Apart from the general interest in the topic the main aim is to help people limbo under various file size limits imposed by forums .
Some more experiments in Photoshop to illustrate that increased image detail (information) reduces the compression ratio.
I have used the same image size of 800 x 640 pixels which is typical of those posted in the Gallery. For each test I created a coloured checker board pattern with an increased number of squares. The Jpeg Quality setting was 12 ( max quality - minimum compression ). Note non of these images will have camera noise.
53,290 bytes 1 square
53,965 bytes 4 squares
62,548 bytes 16 squares
109,098 bytes 64 squares
209,375 bytes 256 squares
334,432 bytes 1024 squares
654,468 bytes 4096 squares but with a Quality Factor setting of 6 it just managed to get the file size (275,236 bytes) below the forums 300K limit
Somewhere between 256 and 1024 squares we had blown this forums 300K limit. To meet this limit extra compression is required with some loss in image quality.
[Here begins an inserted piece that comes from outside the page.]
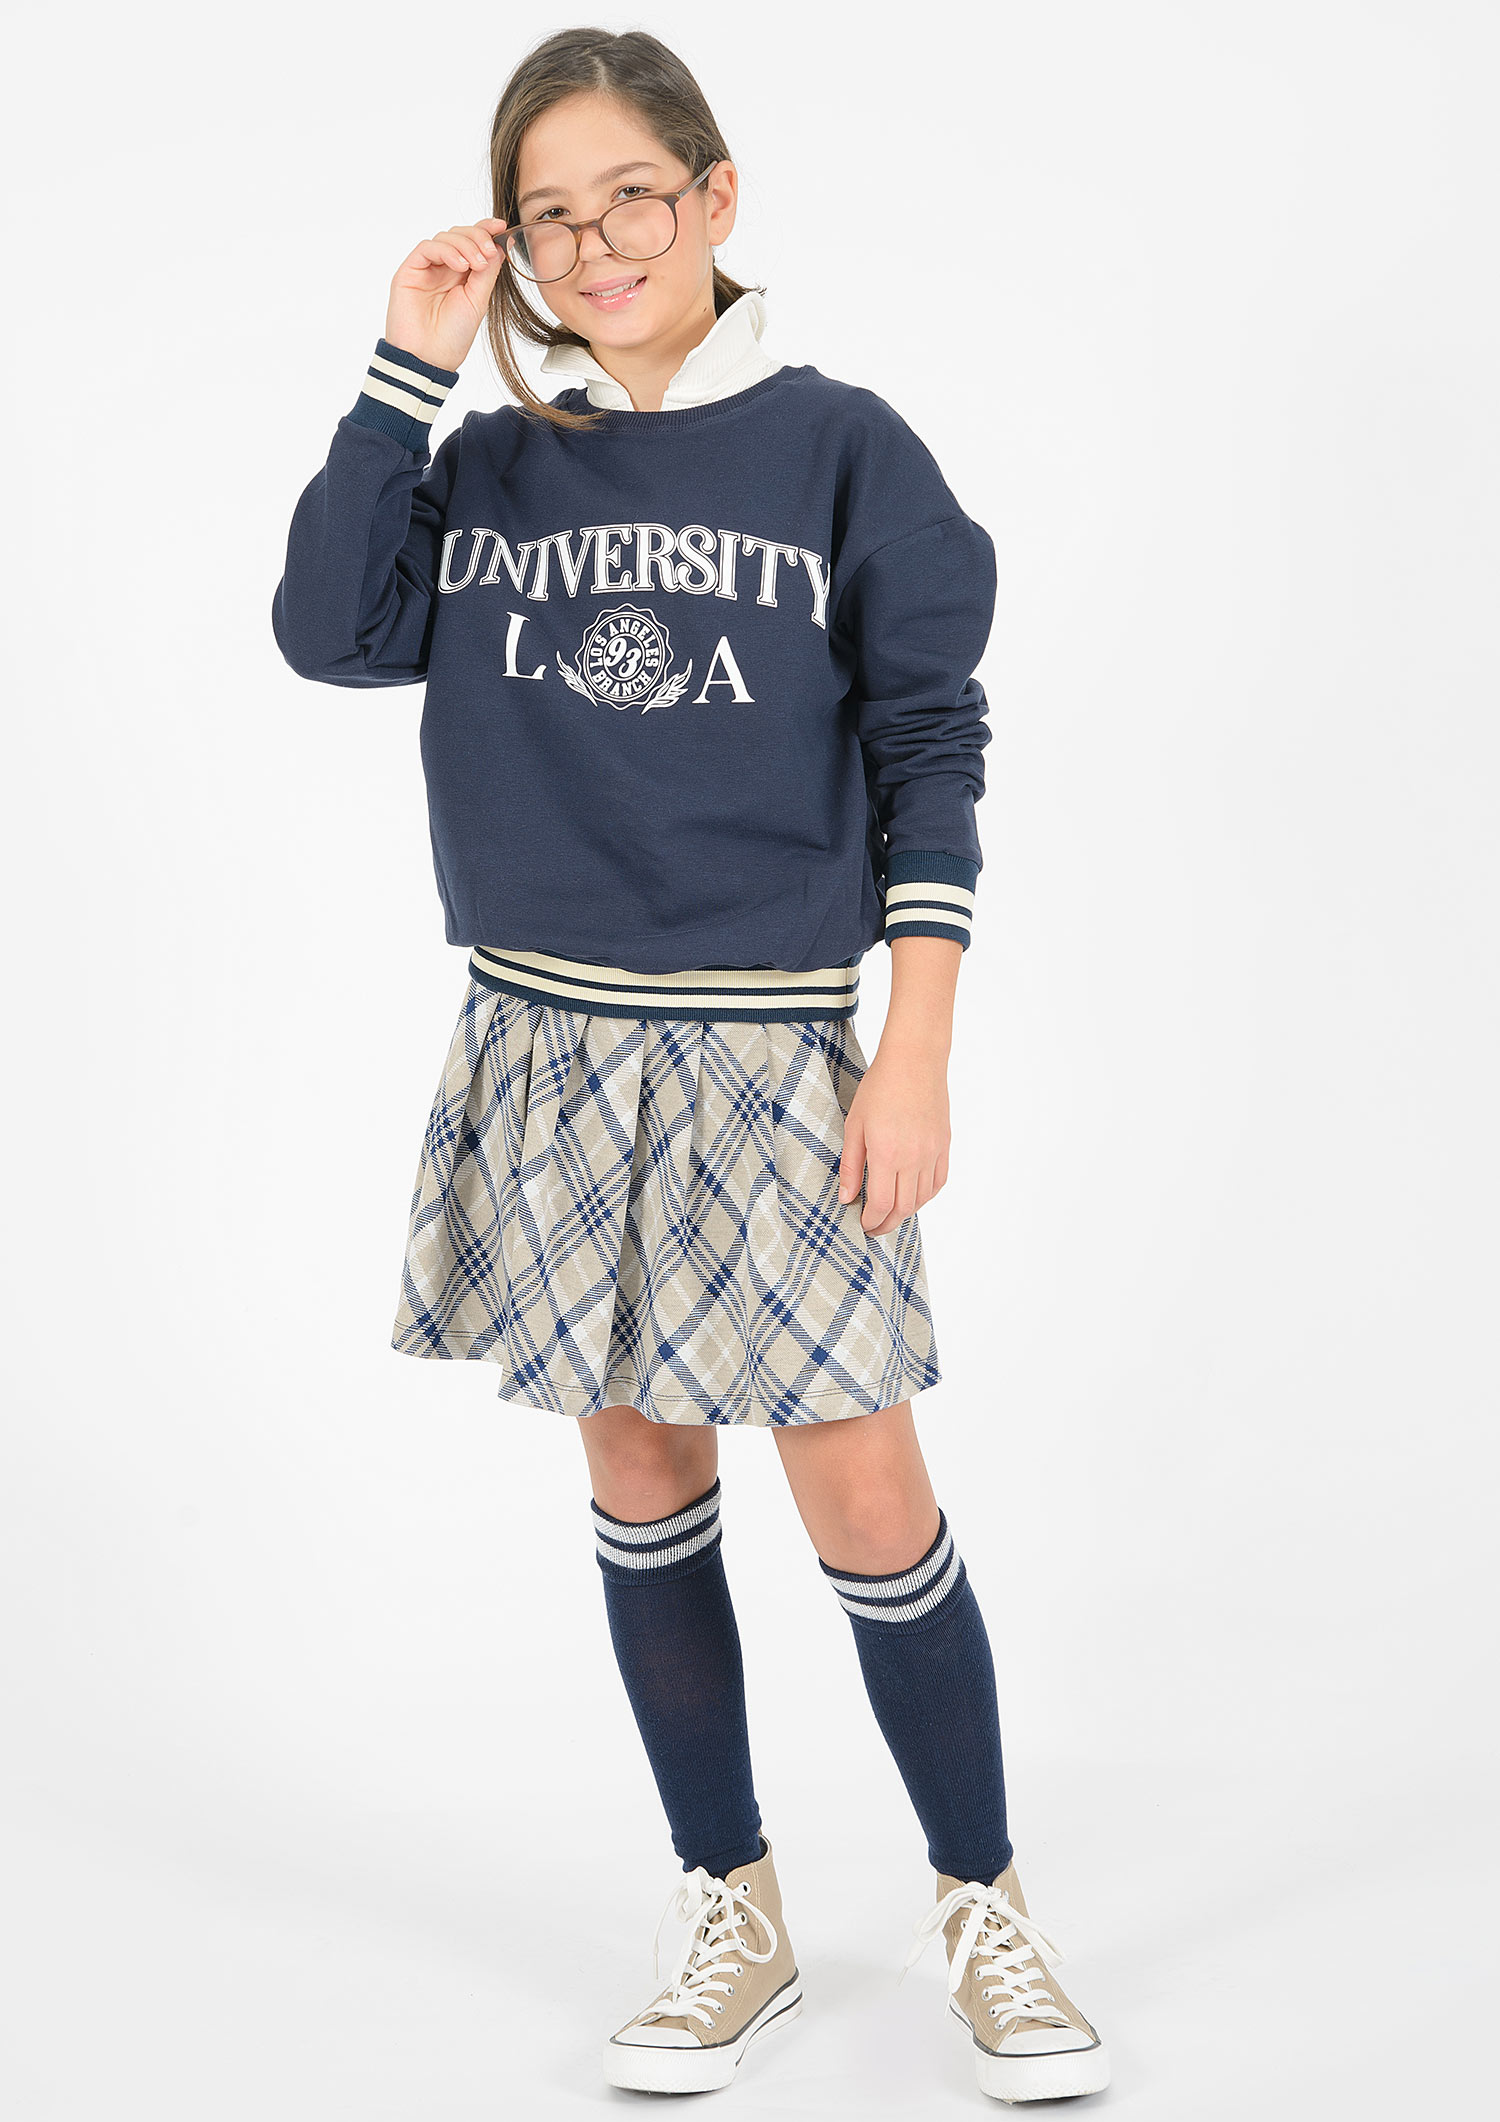 5887-JRNY Girls Sweatshirt -University

In the case of 4096 squares ( each square ~ 12 x 10 pixels ) which is not especially detailed required a heavy compression setting of 6.
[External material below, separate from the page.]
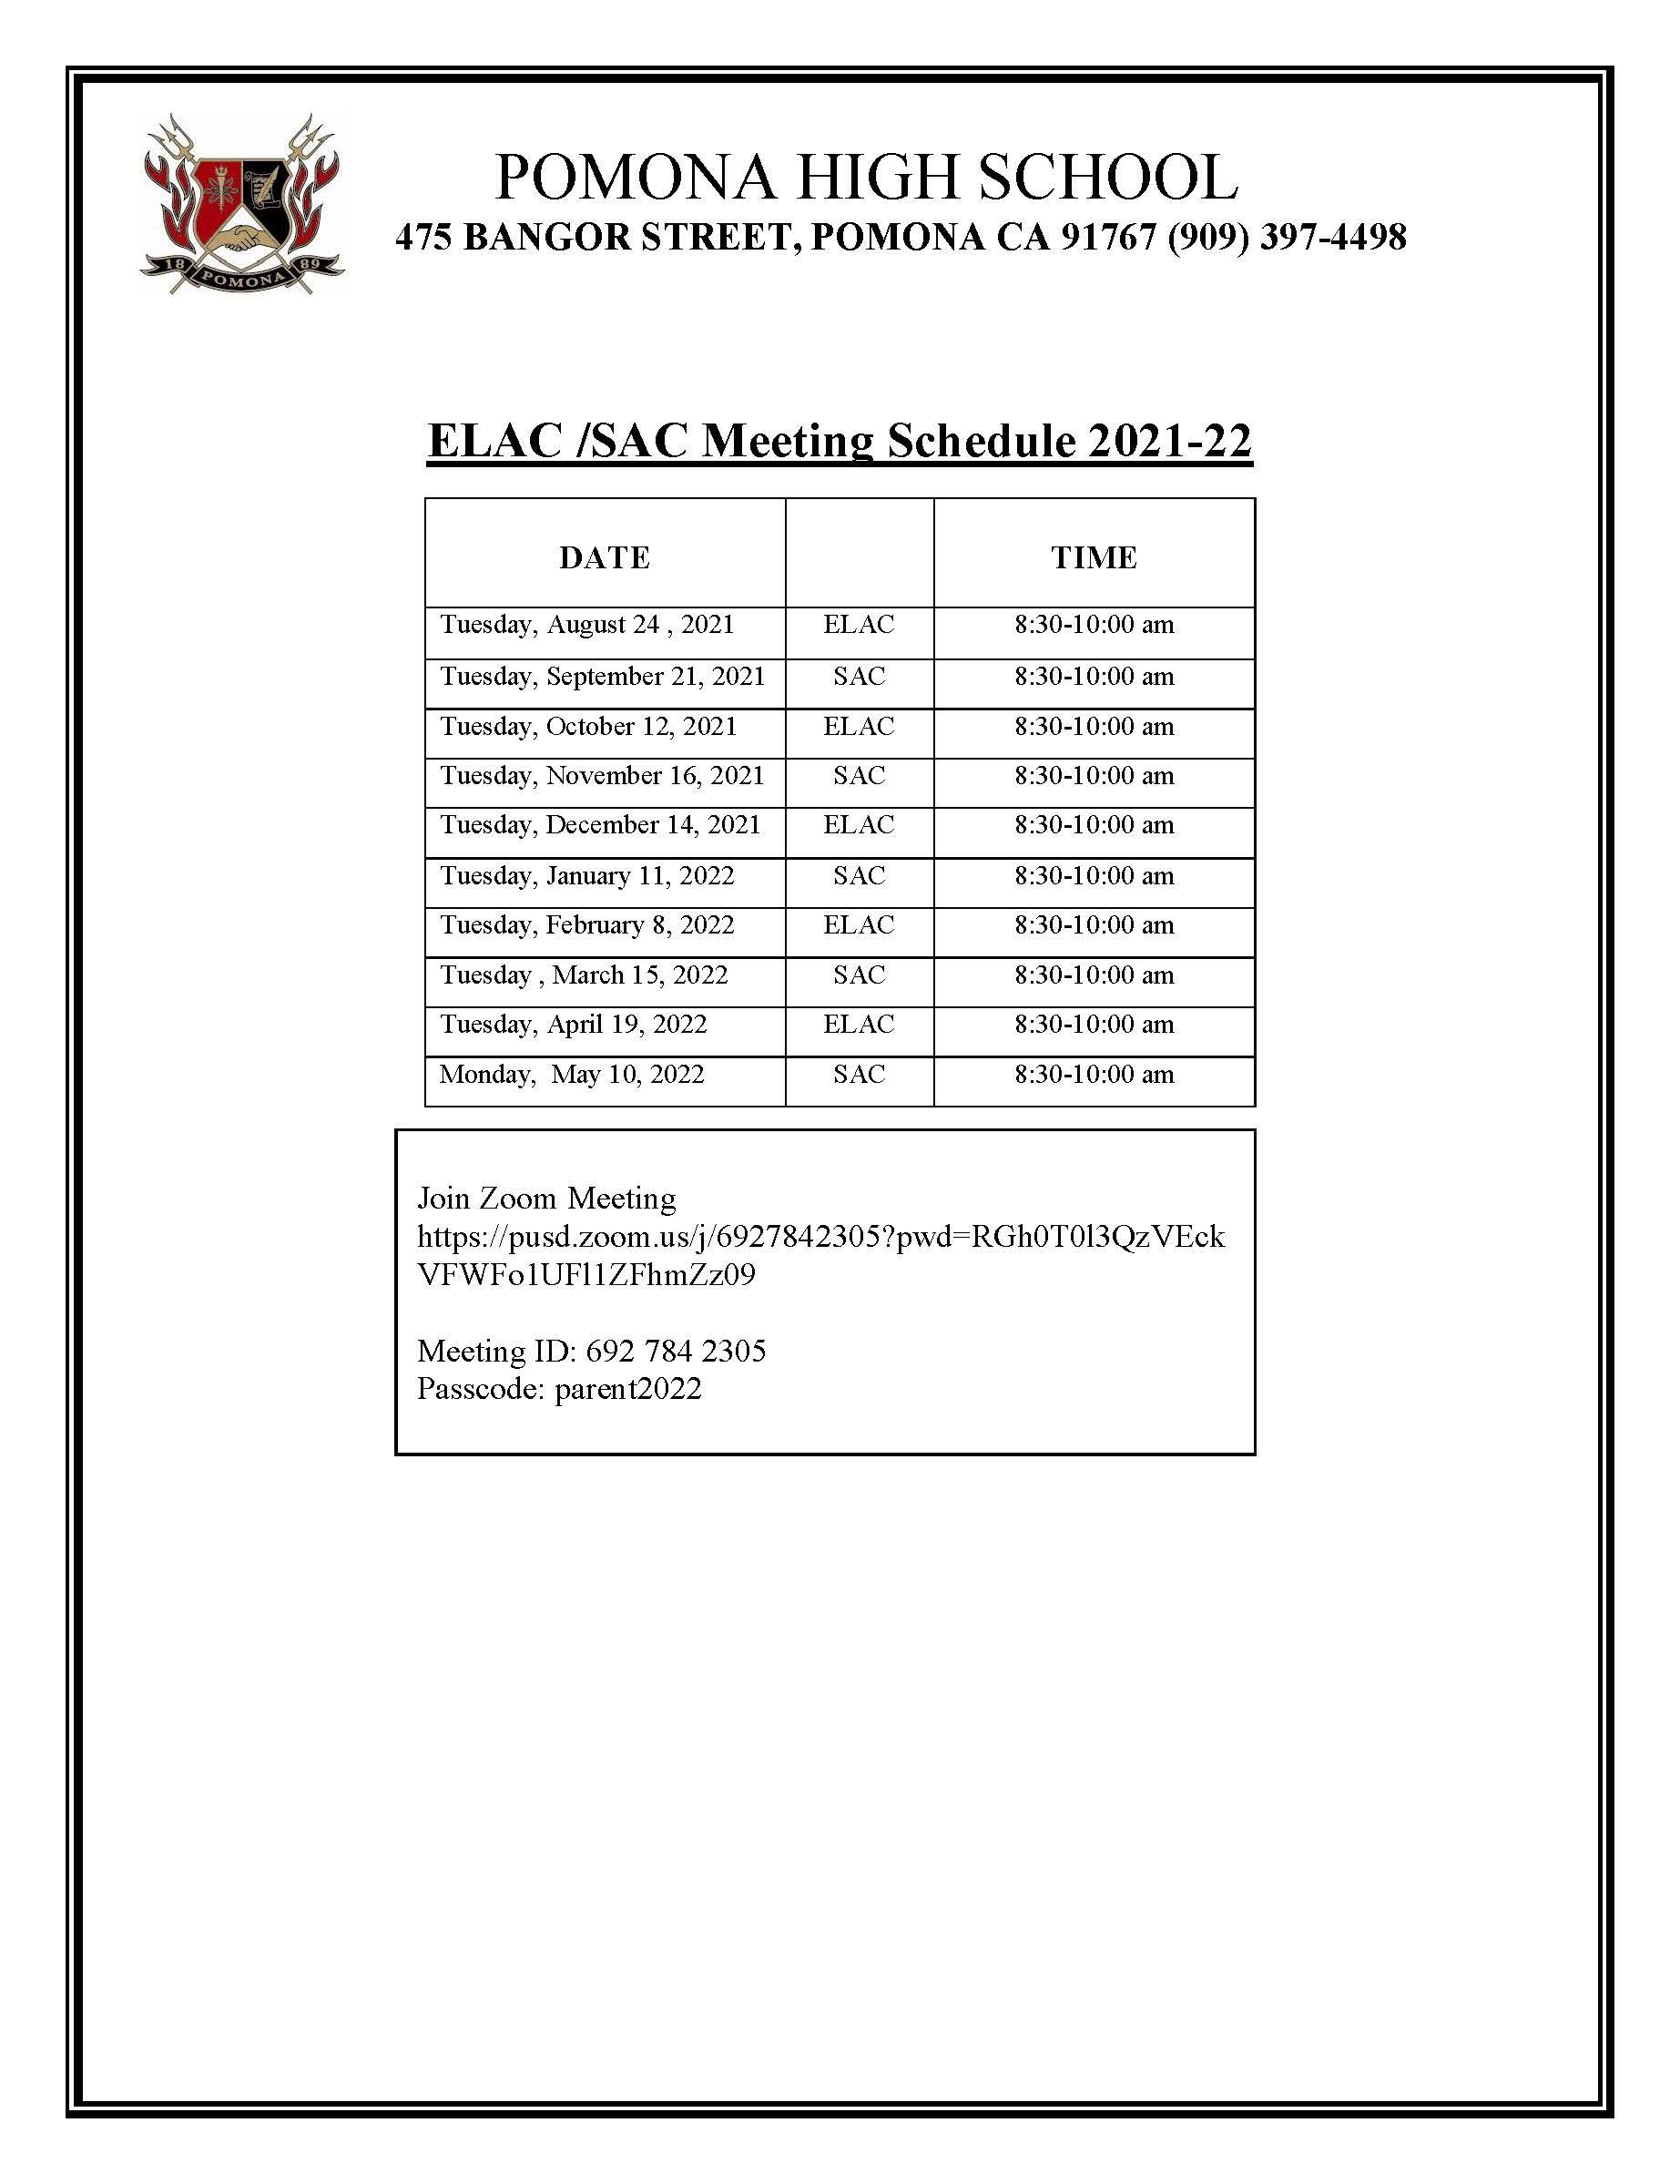 ELACSAC Meetings Calendar 202122 Pomona High School

Assuming you have already taken some action to reduce the noise levels, what is the best course of action for images that have large areas which are highly detailed. For example shots showing the rough tree bark texture or fine grains of sand. Even shots showing lots of grass blades present a problem. Well to be honest you are going to struggle to get these under the 300K barrier. In a few cases you will fail to compress the image with sufficient quality to warrant posting.
Using a quality setting less than 5 will degrade the image so much that it will no longer show the fine detail you were trying to express. The next option is to reduce the image pixel count either by cropping or re-sampling. If you crop tighter try to exclude some of the detailed areas that are less important to the composition. If you downsize by re-sampling use the bilinear method which tries to preserve image detail. You may end up with a postage stamp sized image and still not worth posting. As far as baseline JPEG is concerned it's a no win situation. It might be worth exploring fractal based compression.
In general for the image to hit the optimum 200K with good quality it must have sizable areas with little or no detail. For example large expanses of blue sky or out of focus or plain backgrounds. Even if your border line with these types of shot you can often gain a bit of extra compression by lightly running the blur tool over these low detailed areas of the image.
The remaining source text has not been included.